What the exercise asks
Would you repeat the listing below exactly, with no pictures in it?

The data
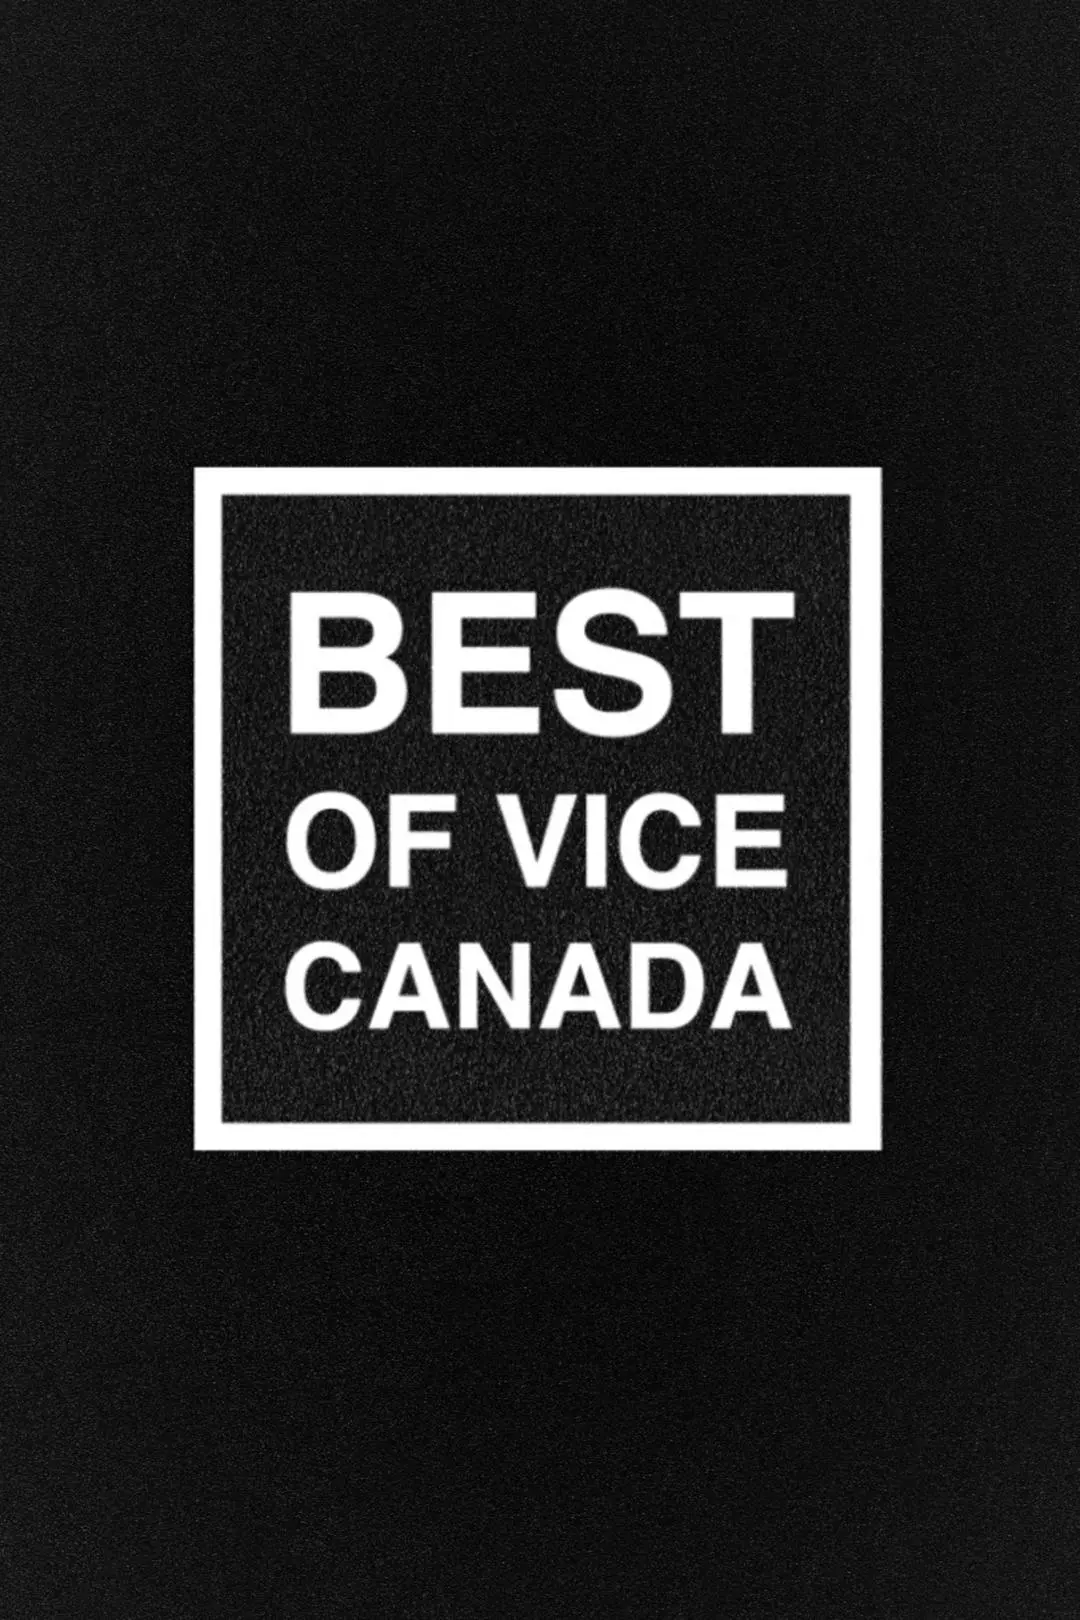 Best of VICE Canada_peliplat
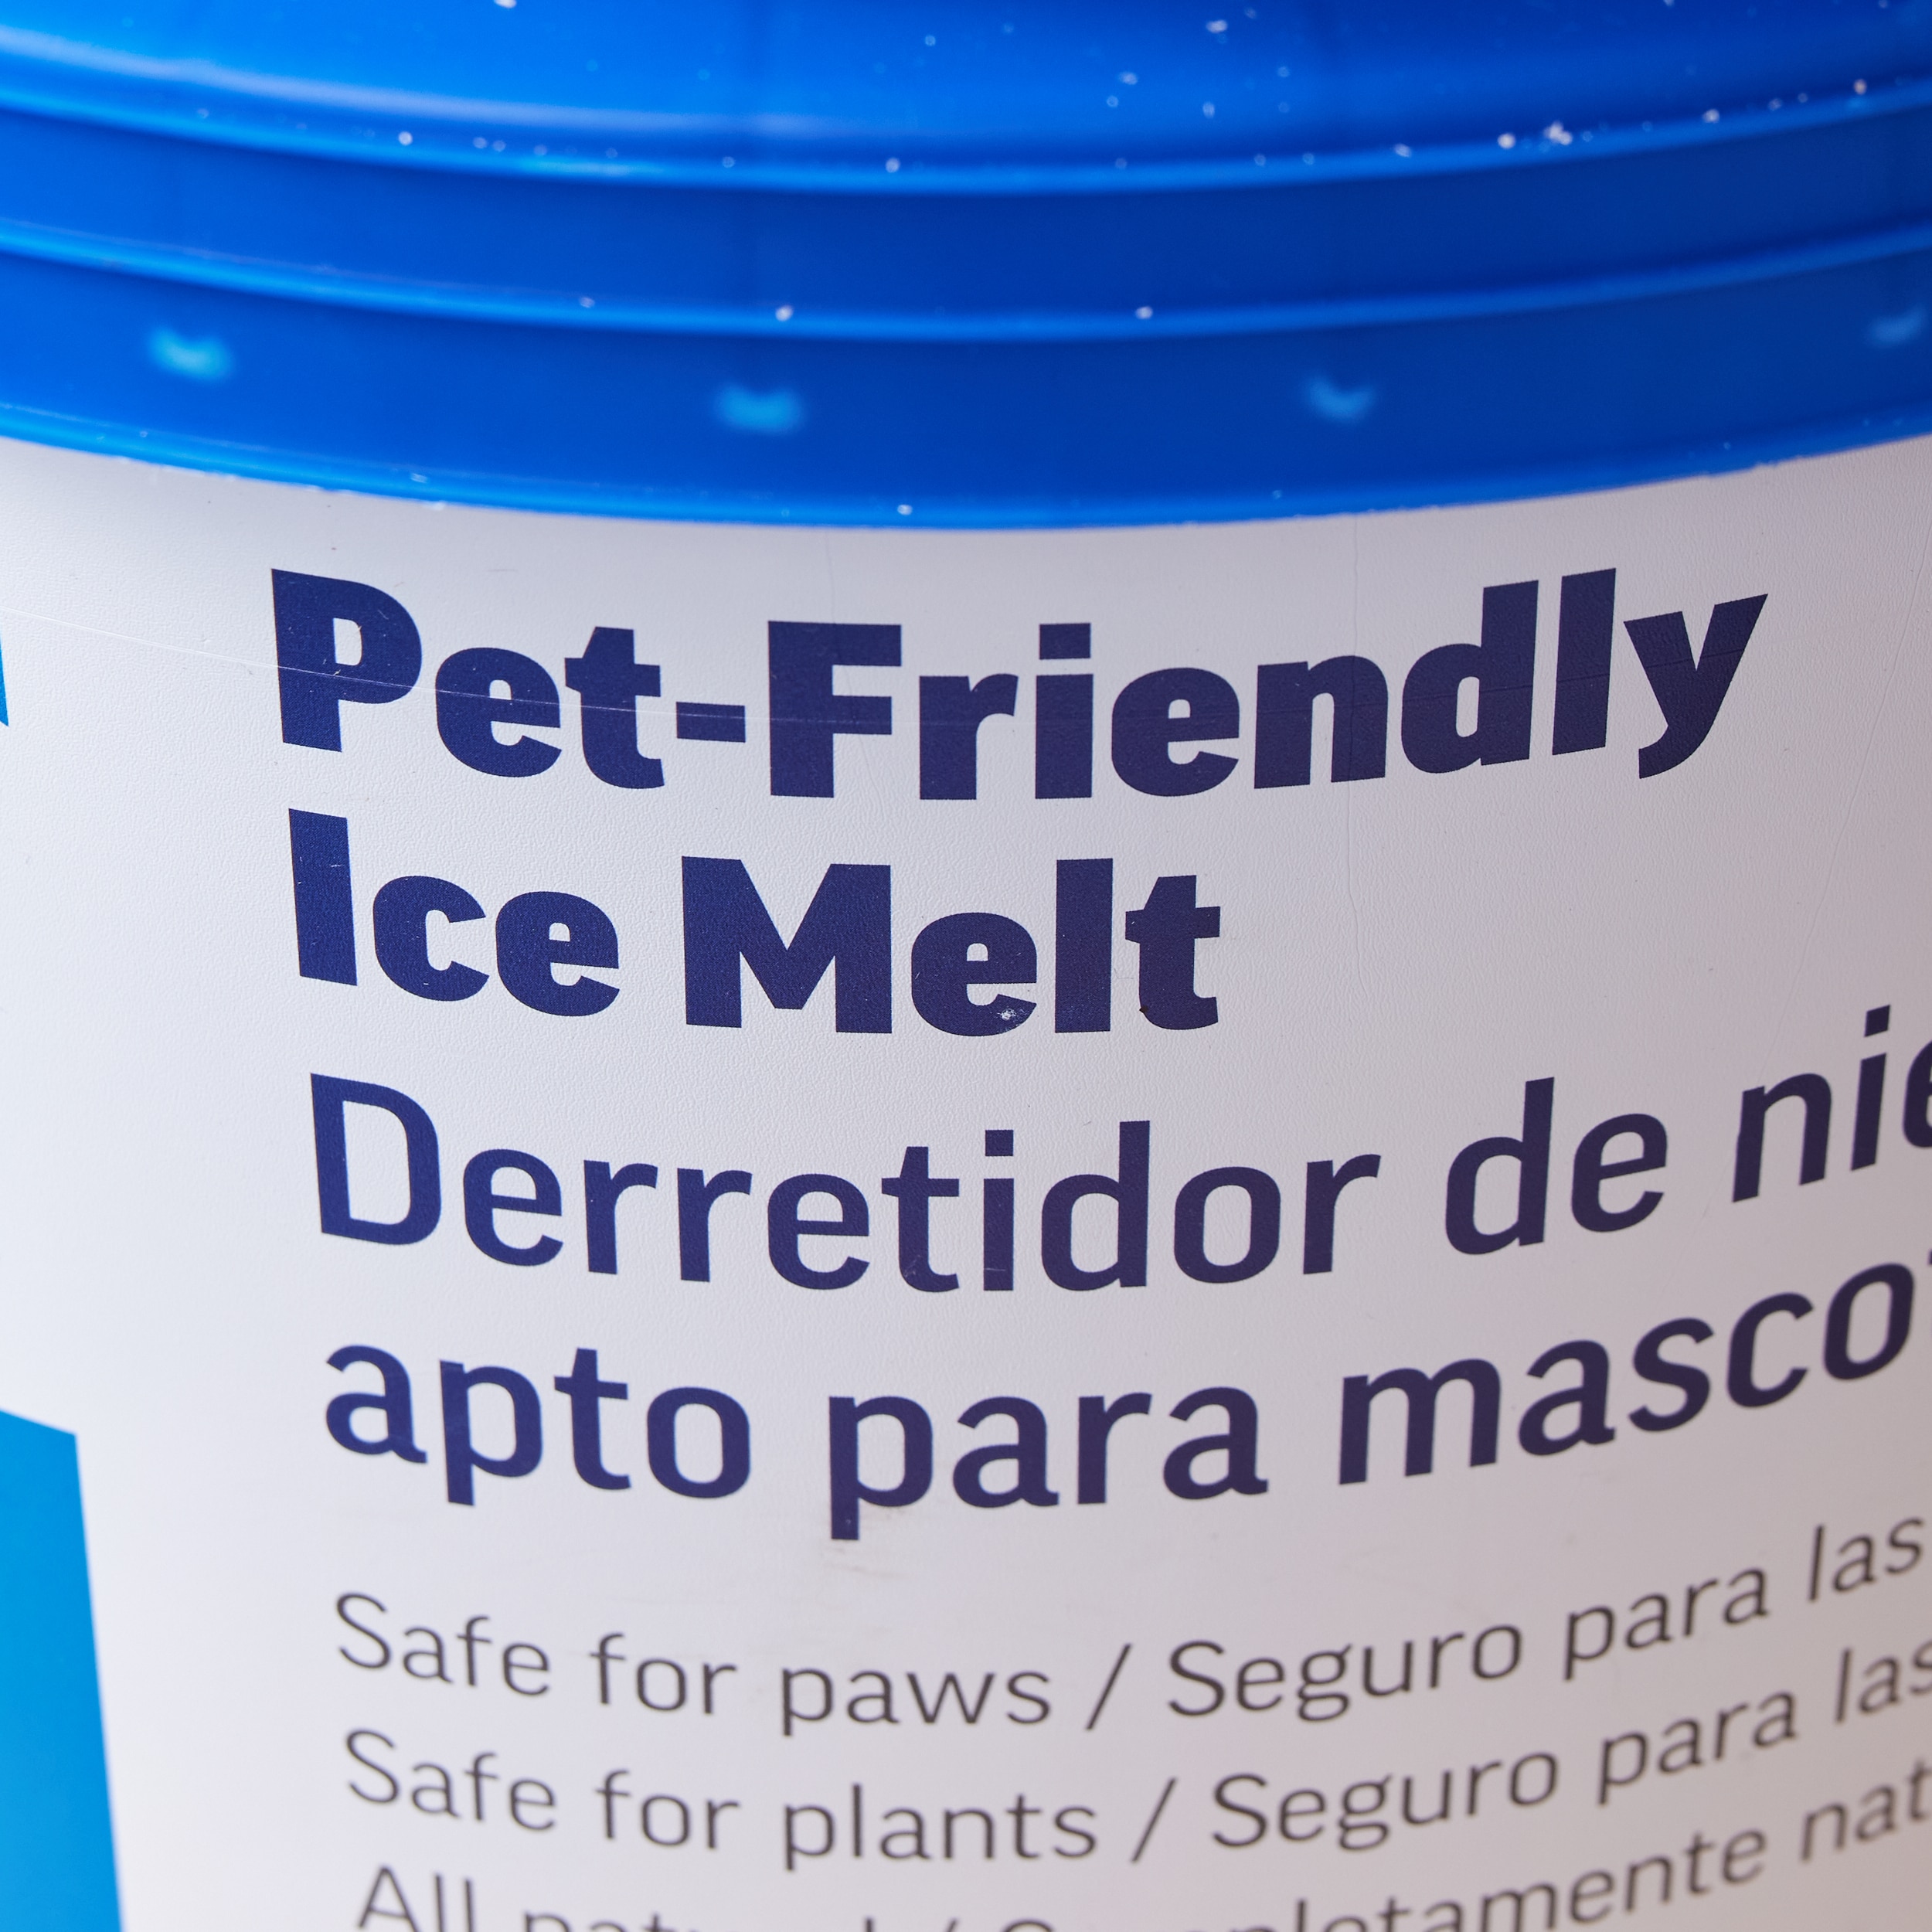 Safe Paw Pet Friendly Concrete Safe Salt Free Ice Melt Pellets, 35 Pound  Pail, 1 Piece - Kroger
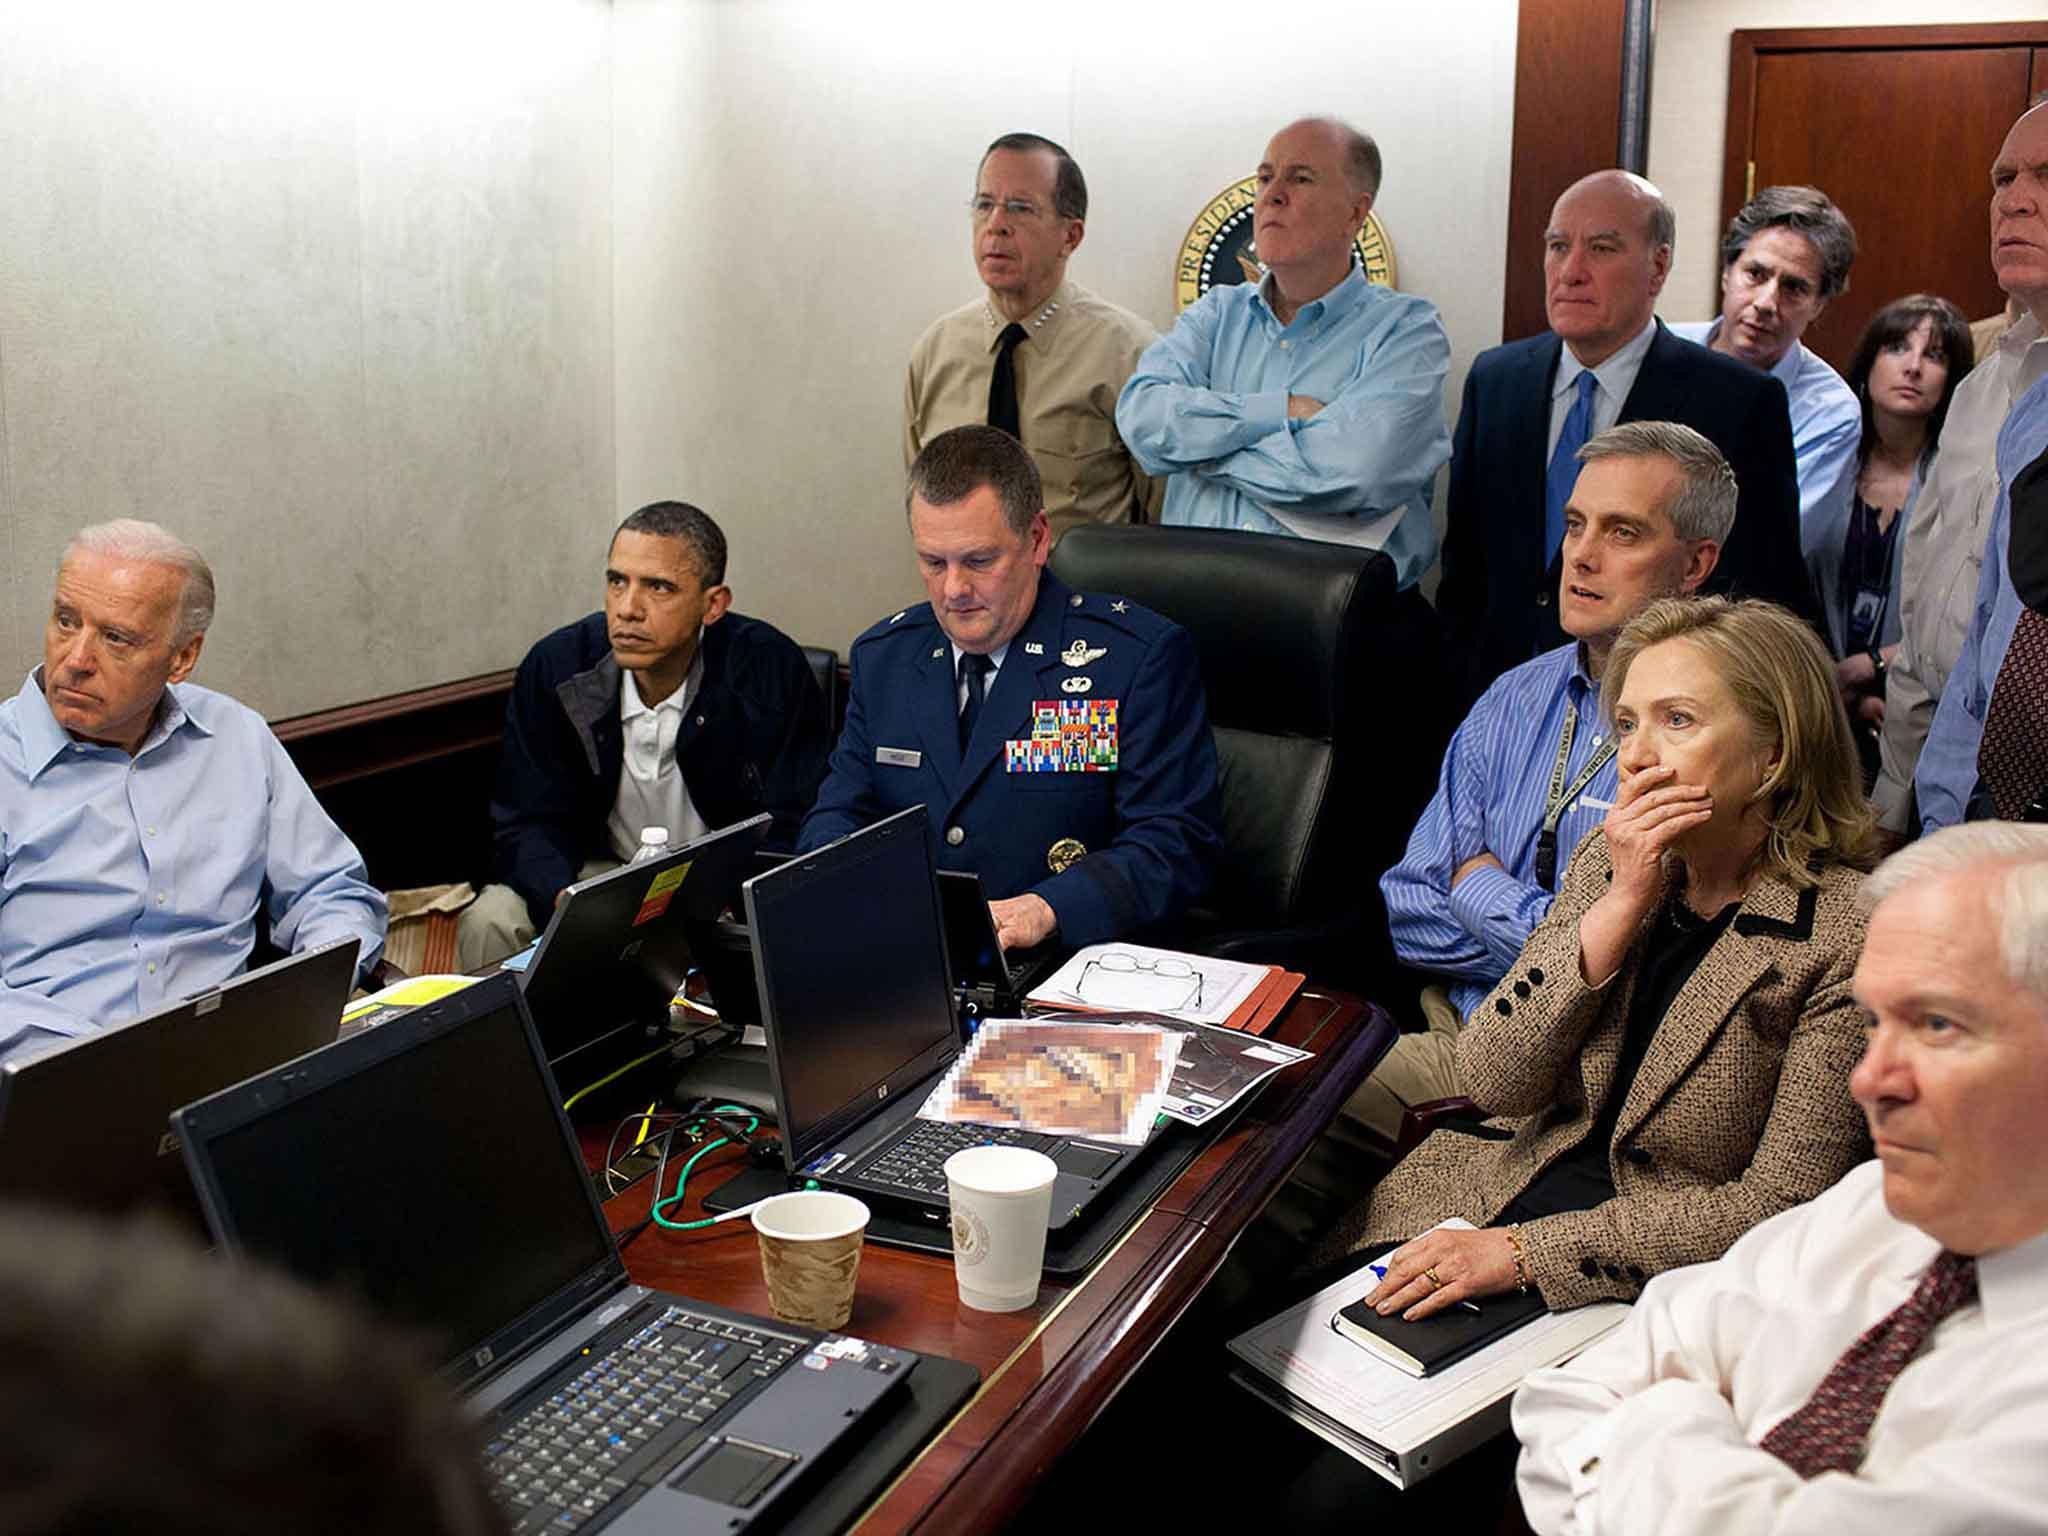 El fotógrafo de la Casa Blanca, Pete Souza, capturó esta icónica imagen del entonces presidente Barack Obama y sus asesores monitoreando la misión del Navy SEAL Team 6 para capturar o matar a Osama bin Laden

Solution to this task
 Best of VICE Canada_peliplat
 Safe Paw Pet Friendly Concrete Safe Salt Free Ice Melt Pellets, 35 Pound  Pail, 1 Piece - Kroger
 El fotógrafo de la Casa Blanca, Pete Souza, capturó esta icónica imagen del entonces presidente Barack Obama y sus asesores monitoreando la misión del Navy SEAL Team 6 para capturar o matar a Osama bin Laden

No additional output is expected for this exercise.